I think you do need to add "dna" to exceptional interfaces or it will
fail to open it.

Best Wishes,
Chris

On 18/12/12 18:43, Craig Merchant wrote:
> So far it's been working great.  PF_RING 5.5.1 still has the bug that causes argus to run at 100%, but other than that it's been working great.
> 
> What's the best way to figure out if argus is failing to keep up with the volume of traffic on a particular interface?
> 
> Thx.
> 
> Craig
> 
> -----Original Message-----
> From: Carter Bullard [mailto:carter at qosient.com] 
> Sent: Monday, December 17, 2012 7:21 PM
> To: Chris Wakelin
> Cc: Craig Merchant; Argus (argus-info at lists.andrew.cmu.edu)
> Subject: Re: [ARGUS] Argus 3.0.6 and dnaclusters
> 
> Hey Guys,
> Did the patches make for a reliable argus under PF_DNA ?
> I'll upload argus-3.0.7.2 with the changes as I have them.

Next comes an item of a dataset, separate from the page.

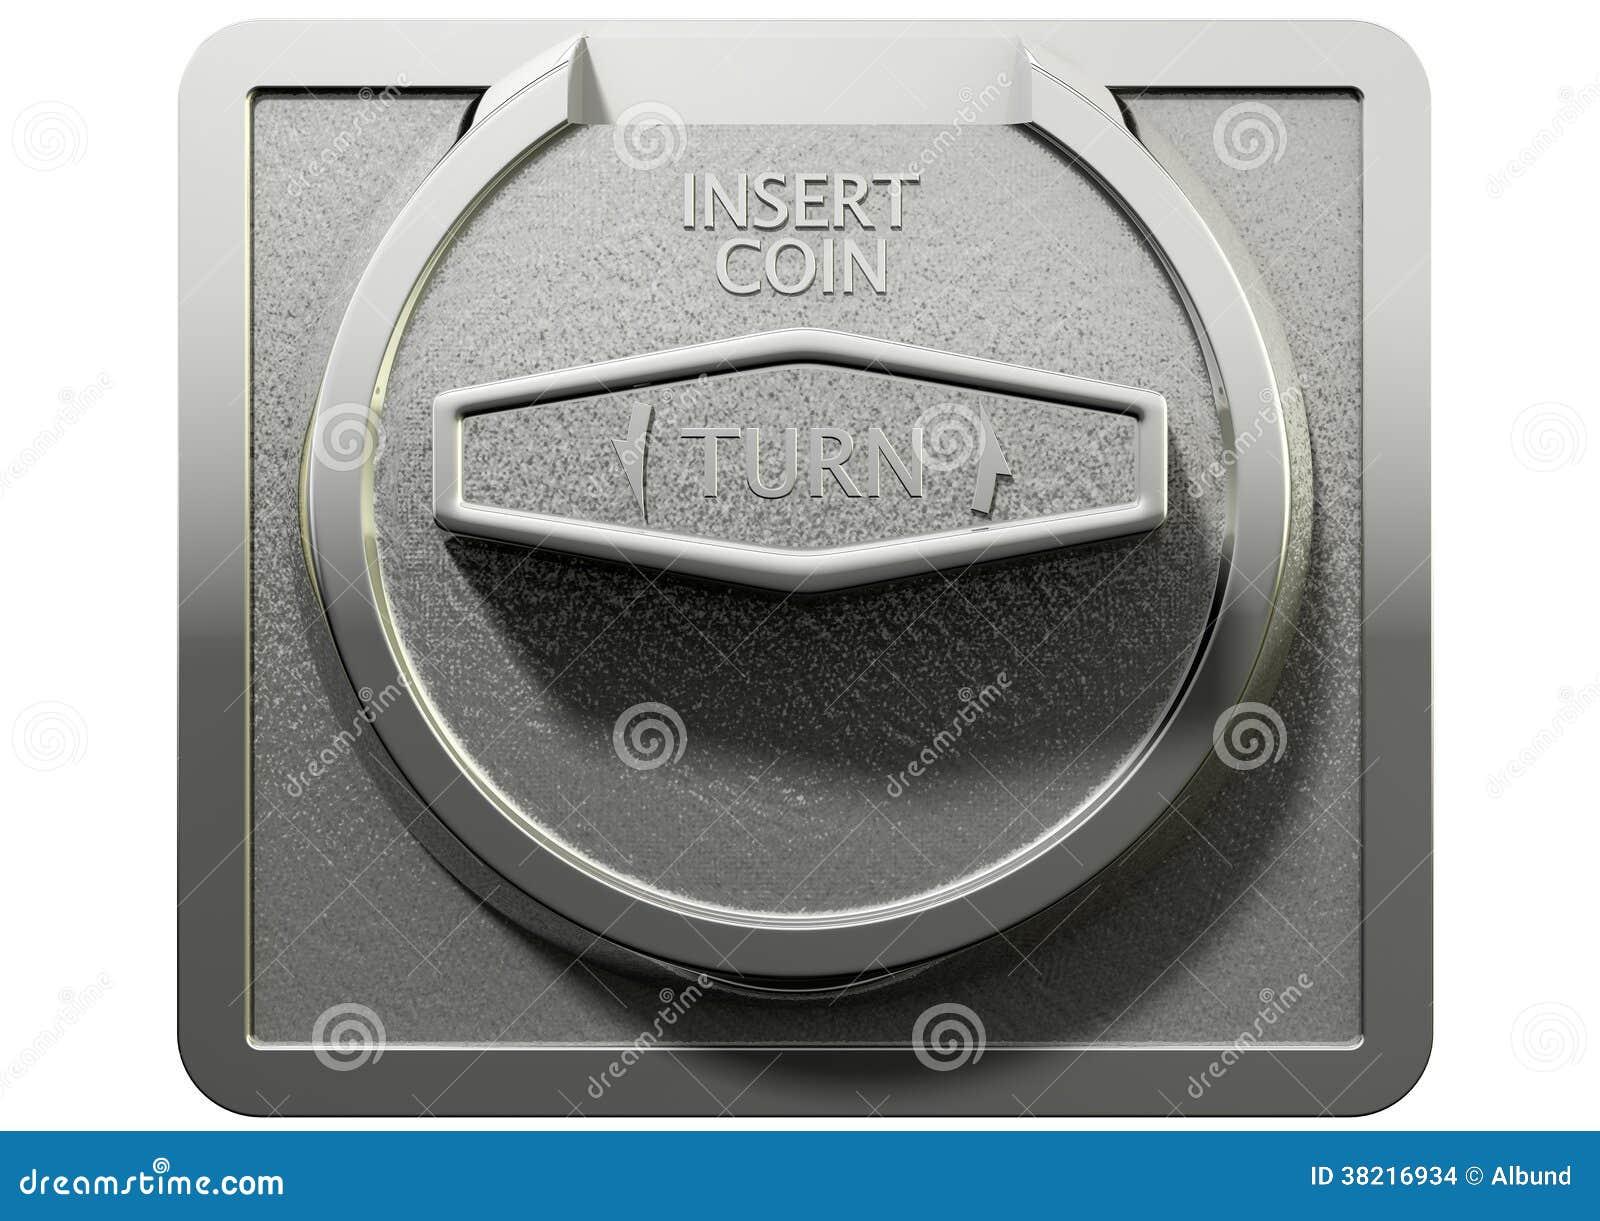 Gumball Machine Coin Mechanism Stock Photo Image Of

> I do need to make the change to add "dna" to the list of exceptional interfaces ?
> Hope all is most excellent,
> 
> Carter
> 
> On Dec 13, 2012, at 8:22 PM, Chris Wakelin <c.d.wakelin at reading.ac.uk> wrote:
> 
>> (To enable debug in ARGUS - do a "touch .debug" in the source tree root
>> before ./configure)
>>
>> I don't have that problem with stopping and starting clients to
>> pfdnacluster_master. In fact I leave it running non-stop on the live
>> servers even though Suricat, Bro and ARGUS get restarted periodically.
>> (I'm loth to restart the master in case it upsets the border switch as
>> it did once!). Do you get the same problem if you use "pfcount" instead
>> of tcpdump? Are you sure everything, tcpdump and ARGUS, are linked to
>> the PF_FING pcap (it may even be best to remove any others)?
>>
>> Best Wishes,
>> Chris
>>
>> On 14/12/12 01:15, Carter Bullard wrote:
>>> Hey Craig,
>>> Give argus a "-D 10" when you start it (assuming that you have debug compiled in).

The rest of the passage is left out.